To study the behavior of the system in more detail, we computed a distance matrix to measure the similarity of all the pairs of states (see Methods). We applied the non-metric multidimensional scaling algorithm to this distance matrix to project the distances into three-dimensional space. We studied the similarity of the trajectories given by different perturbations of the system, by connecting the resulting data points in temporal order. While a metric, the dynamic range of NCD is not linear. Thus, the transformation to a more general rank based space allows the objective comparison of distances in a scale independent manner.

Figure 3 shows the trajectories for the wild type as well as for IL-10, IFN-γ and CTLA-4 knock-out systems. It is clear that there is a diverging trend of the trajectories. To quantify this divergence, we computed the pair-wise Euclidean distance between each of the trajectories of the perturbations and the wild type trajectory (within the multidimensional scaling solution). Here we can see that the effect of CTLA-4 knock-out is smallest as the trajectory is most similar to that of the wild type. IL-10 and IFN-γ knock-outs clearly cause more dramatic effects on the system’s dynamics in comparison to the wild type. We can also observe that the trajectories of IL-10 and CTLA-4 are similar to each other, while that of the IFN-γ is different. This corresponds to the similarities in the inhibitory effects of IL-10 and CTLA-4 on the cell populations, in contrast to the pro-inflammatory effect of IFN-γ. We present a similar analysis in Figure S2, where instead of knock-outs, we alter the ratios of the cell populations of Tregs and nTh at the beginning of the simulation.
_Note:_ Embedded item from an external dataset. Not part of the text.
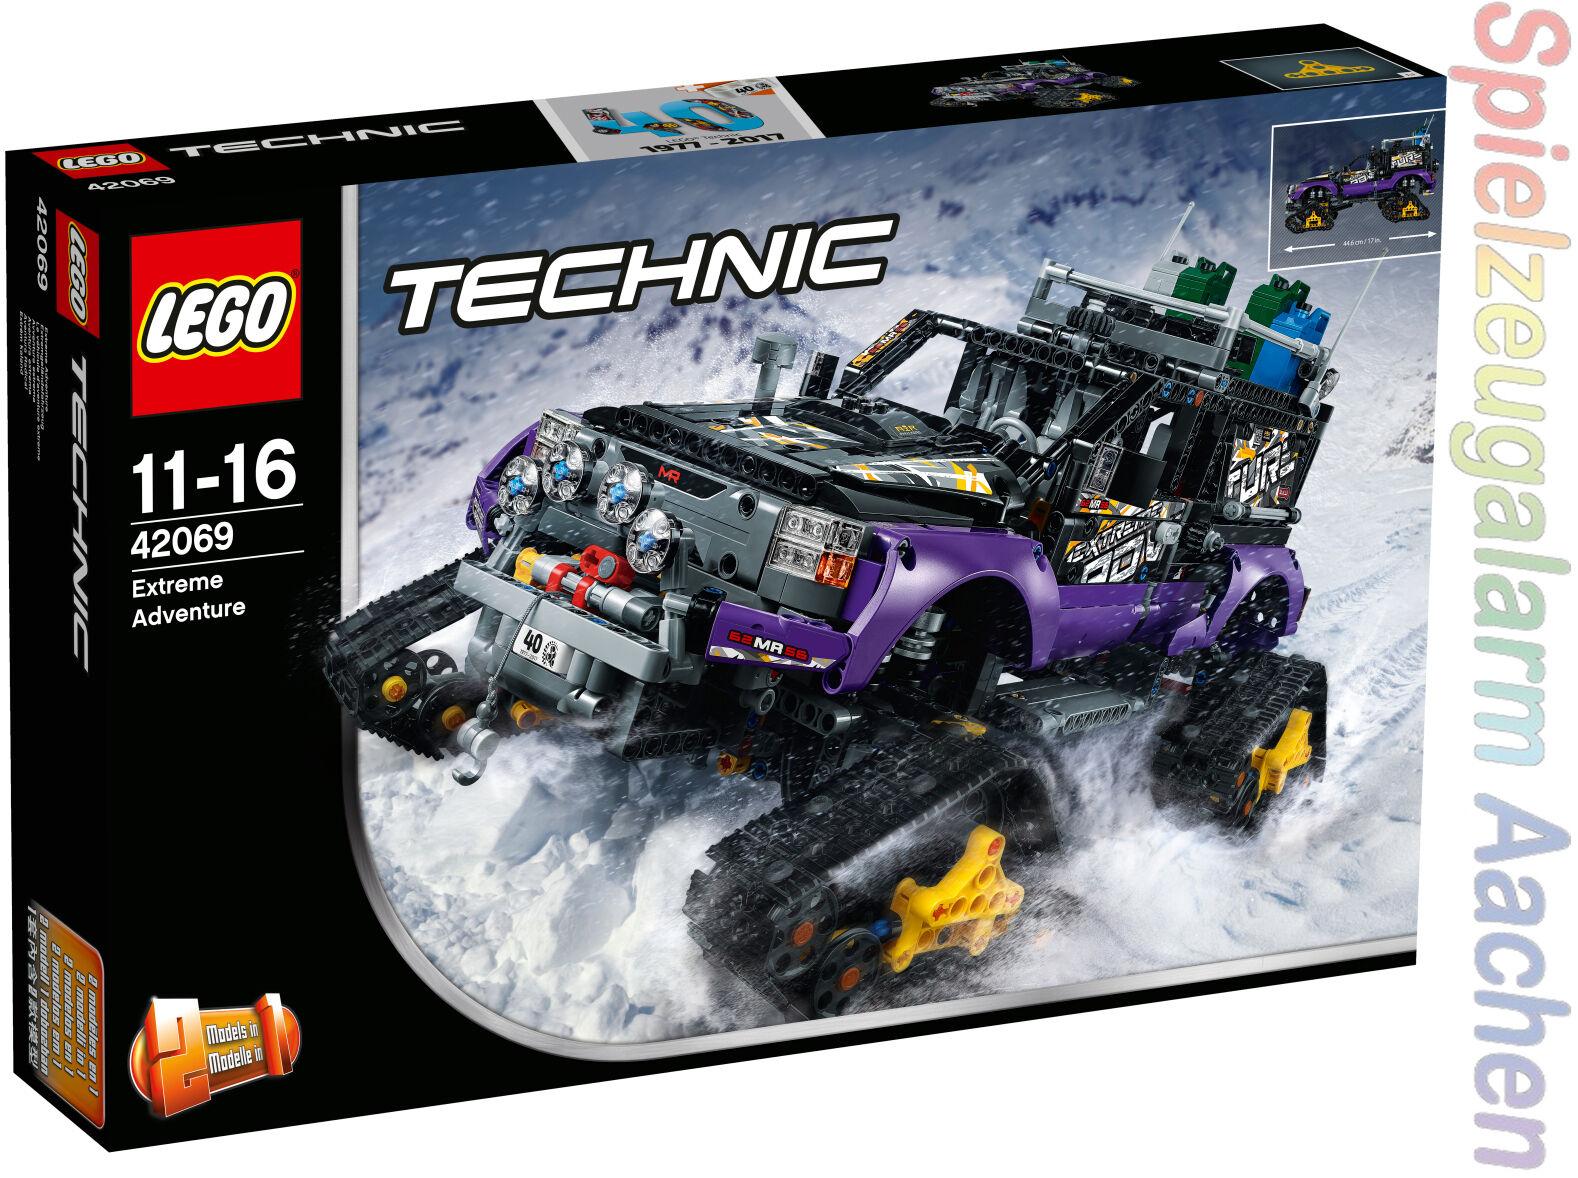 LEGO TECHNIK 42069 Extremgeländefahrzeug véhicule d'aventure extrême N8 17

**Figure 3. Non-metric multidimensional scaling of state trajectories.**

a) 3D state trajectories of wild type (WT), IL-10, IFN- γ and CTLA-4 knock-outs (KO); b) the Euclidean distance between the trajectories in relation to wild type, denoted as (). Average of 50 simulations is shown.
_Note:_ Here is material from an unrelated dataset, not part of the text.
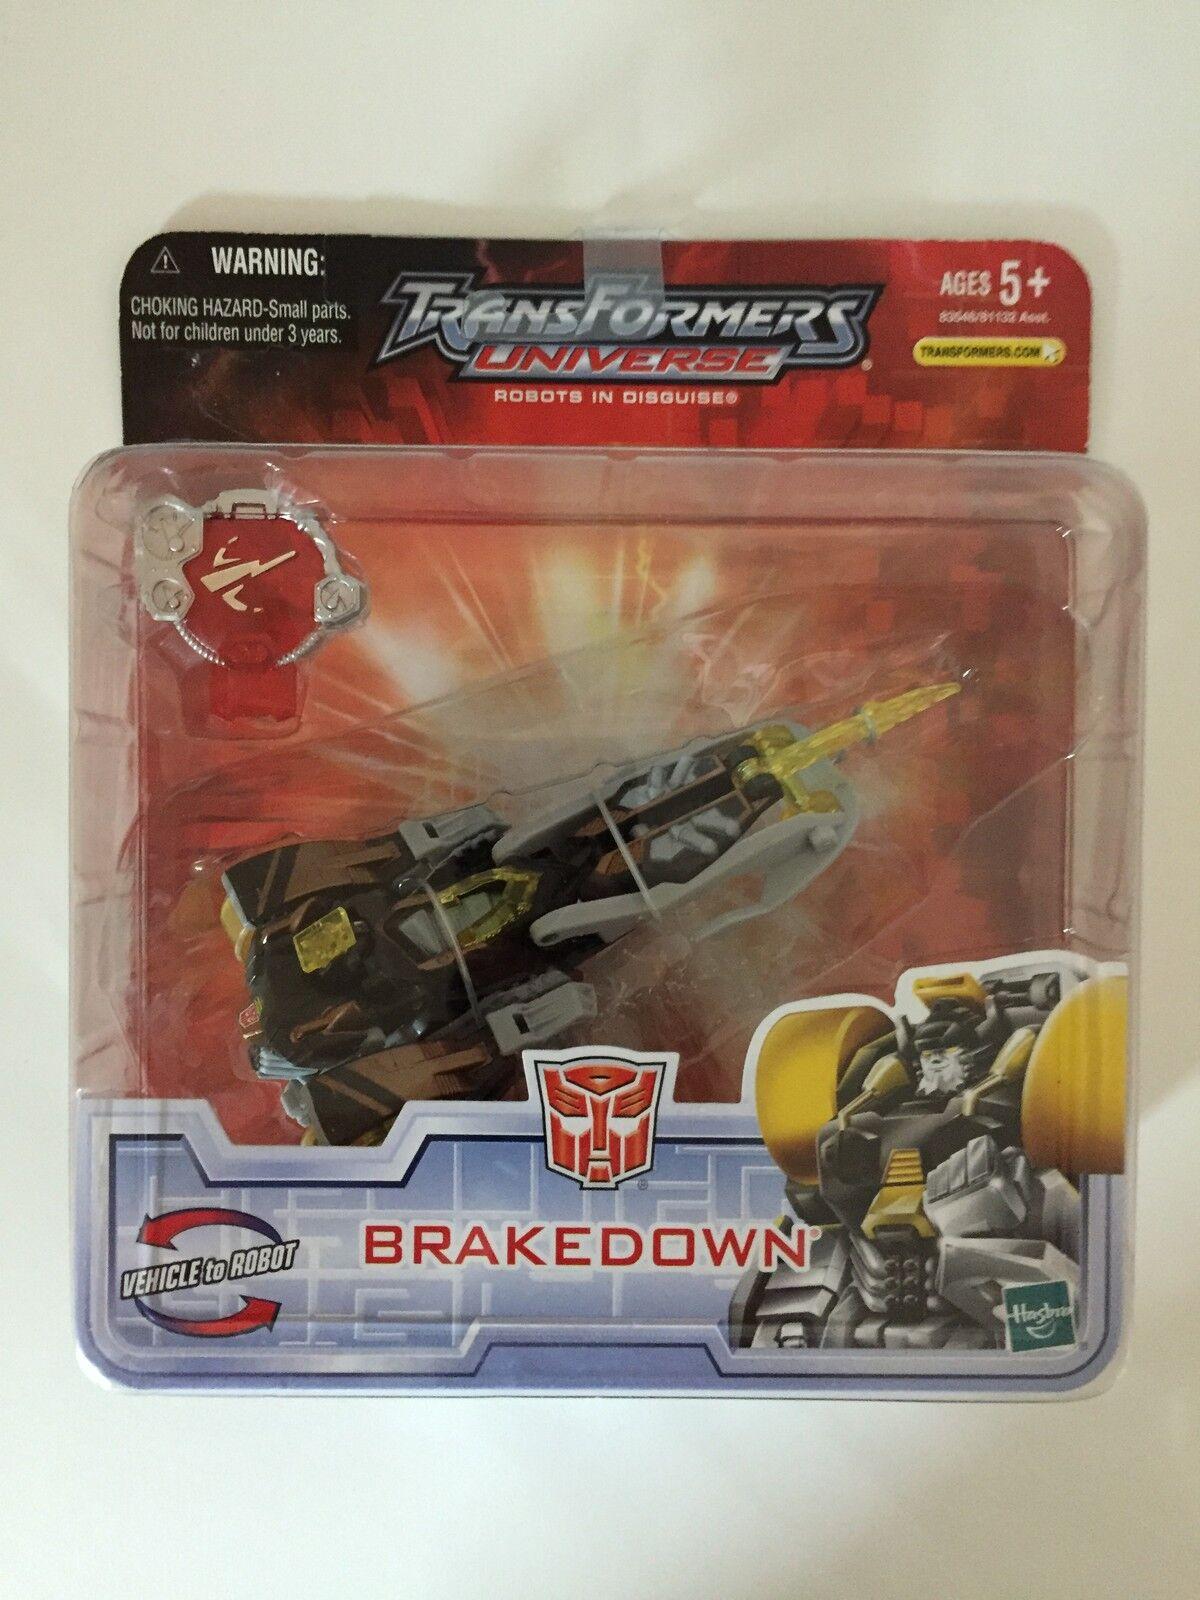 BRAKEDOWN Hasbro action figure TRANSFORMERS UNIVERSE Hasbro BRAKEDOWN 2007 83f9ae

doi:10.1371/journal.pone.0059303.g003While the MDS analysis provides a clear insight into the system’s dynamics, it is based on a projection into a low dimensional Euclidean space. This representation contains only the most relevant information in terms of the minimized stress criteria. To obtain an alternative, more quantitative view into the dynamics, we study the information flow in the system over time (see Methods). The resulting maps of convergence or divergence of state trajectories are shown in Figure 4. Visually, it is clear that each experimental condition exhibits a high peak of the probability density function approximately in the same region of the NCD values, where most of the points lie. The differences between the systems arise in isolated areas (islands) of pair-wise distances between states. These events are much less frequent than the events at the highest peak of the density, but are still clearly established and consistent between different simulations.

**Figure 4. Quantification of the information flow in the random model, the wild type and perturbations.**

Information flow in a) random model, b) wild type (WT), c) IL-10, d) IFN-γ and e) CTLA-4 knock-outs (KO). While the information flow in the random model is focused in a narrow area, the wild type and knock-out simulations are more diverse, with each system exhibiting characteristic dynamical behaviors.
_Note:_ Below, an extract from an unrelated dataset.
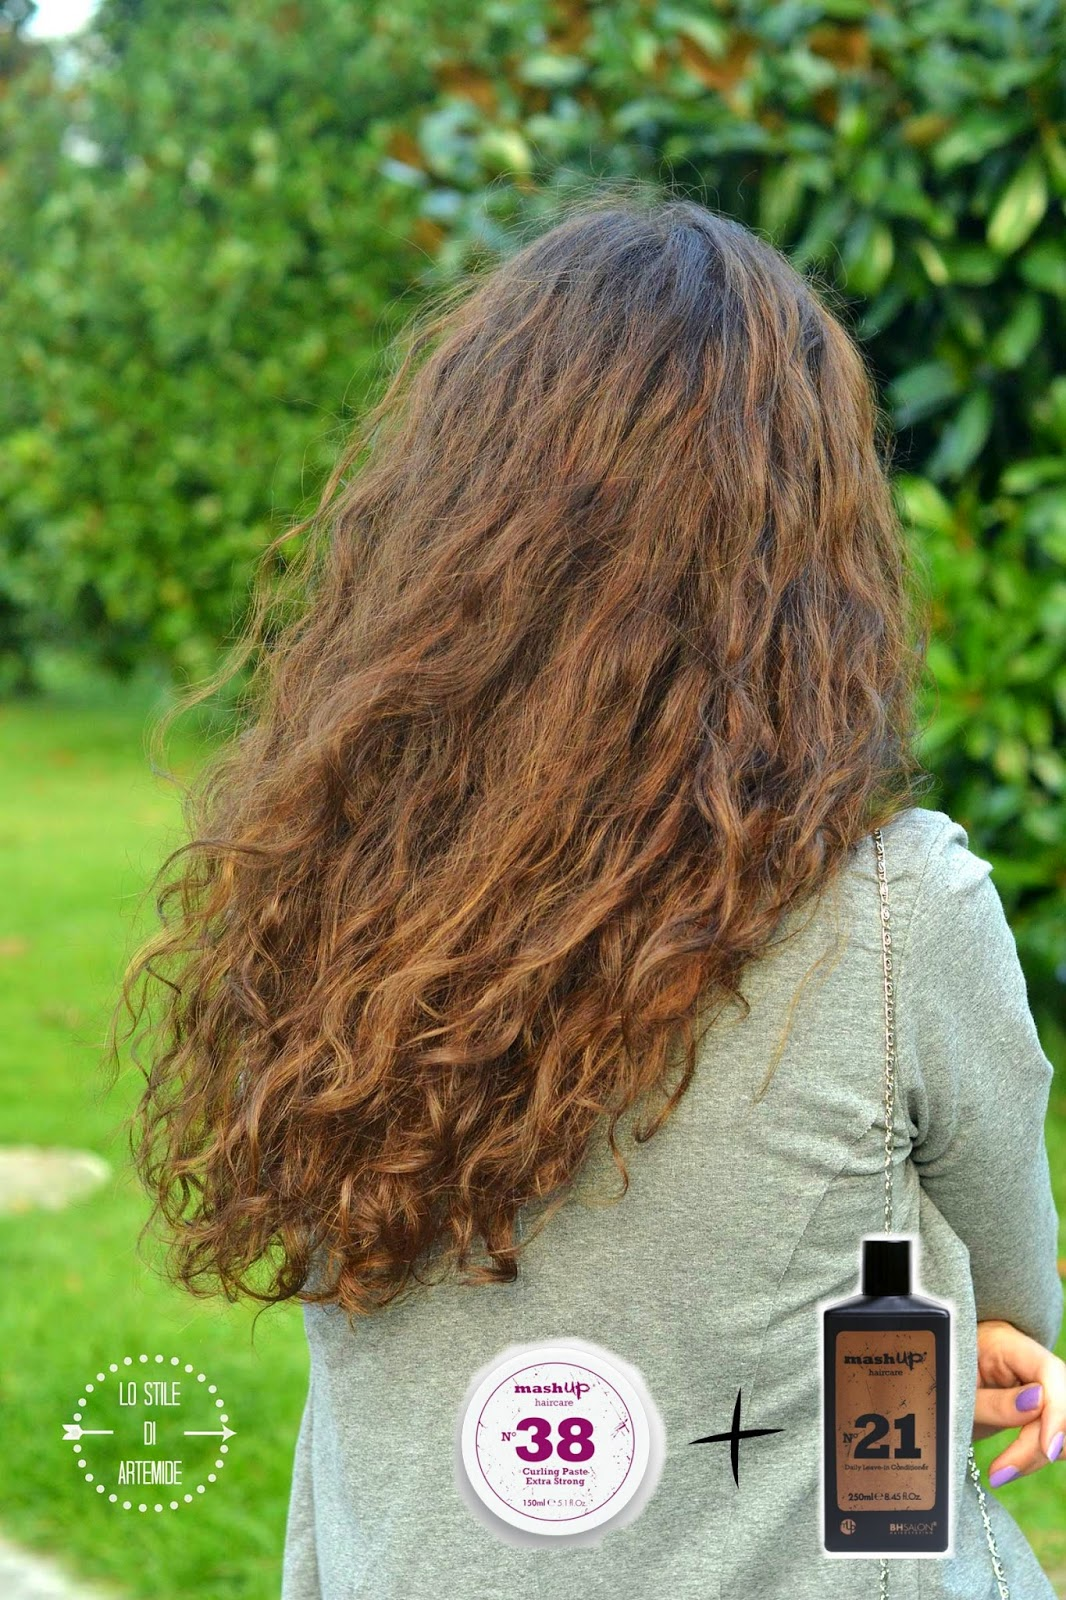 capelli ricci mashup hair care

doi:10.1371/journal.pone.0059303.g004In addition to the wild type and knock-out conditions, we also analyzed the behavior of a random model (see Methods), to see the effect of the constraints of the structure of the model on its dynamical behavior (Figure 4a). This random model shows very concentrated dynamical behavior as the distance between the initial and consecutive states remains approximately the same (most points lie on the diagonal). In addition, the shape of the distribution is quite similar to the main peak seen in the other simulations. In comparison, the wild type simulation shows a wider range of dynamical behavior, including islands where the information flow is constrained (Figure 4b). The conclusions provided by this analysis are consistent with those drawn from the multidimensional scaling study. Here as well, the CTLA-4 dynamical behavior (Figure 4e) is more similar to wild type than the other two perturbations, and CTLA-4 and IL-10 are more similar to each other than to IFN-γ. In terms of similarity to the wild type, CTLA-4 is followed by IL-10 and IFN-γ (Figures 4c–d).

To assess the degree to which such global information-theoretic analysis can reflect experimentally quantifiable phenomena, we performed an additional simulation. So far, we have considered perfect knock-outs of secreted molecules. In real biological systems the knock-out is hardly ever perfect, but only lowers the expression level of the target molecule to a certain degree. Such a partial knock-out can be quantified by measuring the expression of the molecule before and after the knock-out. Analogously, the effect of the knock-out could be observed from the representation of Figure 2b. However, this simple readout says nothing about the effect on the dynamical behavior. Our analysis can be used to understand the effect of knock-out efficiency on system dynamics. To prove the concept, we simulated a knock-out of IL-10 at 25, 50, 75, and 100% efficiency (Figure 5). Here we clearly see that 25% knock-out has very little effect on the dynamics when compared to the wild type. We, therefore, argue that higher efficiency is needed to have a biological effect. The 50% and 75% knock-outs clearly have a stronger effect on the dynamics, but they are still far from the perfect knock-out. Thus, the observed biological response would also be very different depending on the knock-out efficiency. The convergence-divergence maps for the partial knock-out experiments show that the dynamics become increasingly different with the knock-out efficiency (Figure S3). However, major effects between knock-outs cannot be visually observed from this analysis and thus the result presented in Figure 5 is more informative as a visualization for analyzing partial knock-outs.

**Figure 5. State trajectories for the IL-10 partial knock-outs (KO).**

Wild type IL-10 (WT) is compared with knock-outs at 25%, 50%, 75% and 100% efficiency. a) 3D representation of state trajectories. b) The Euclidean distance between wild type and knock-out trajectories is denoted as ). While the knock-outs are performed in linear steps, the effect on the dynamical behavior is nonlinear. 25% knock-out has only a small effect on dynamics while 50% and 75% show approximately equal effect, which is not as strong as with 100%. Data is shown as an average across 50 simulations.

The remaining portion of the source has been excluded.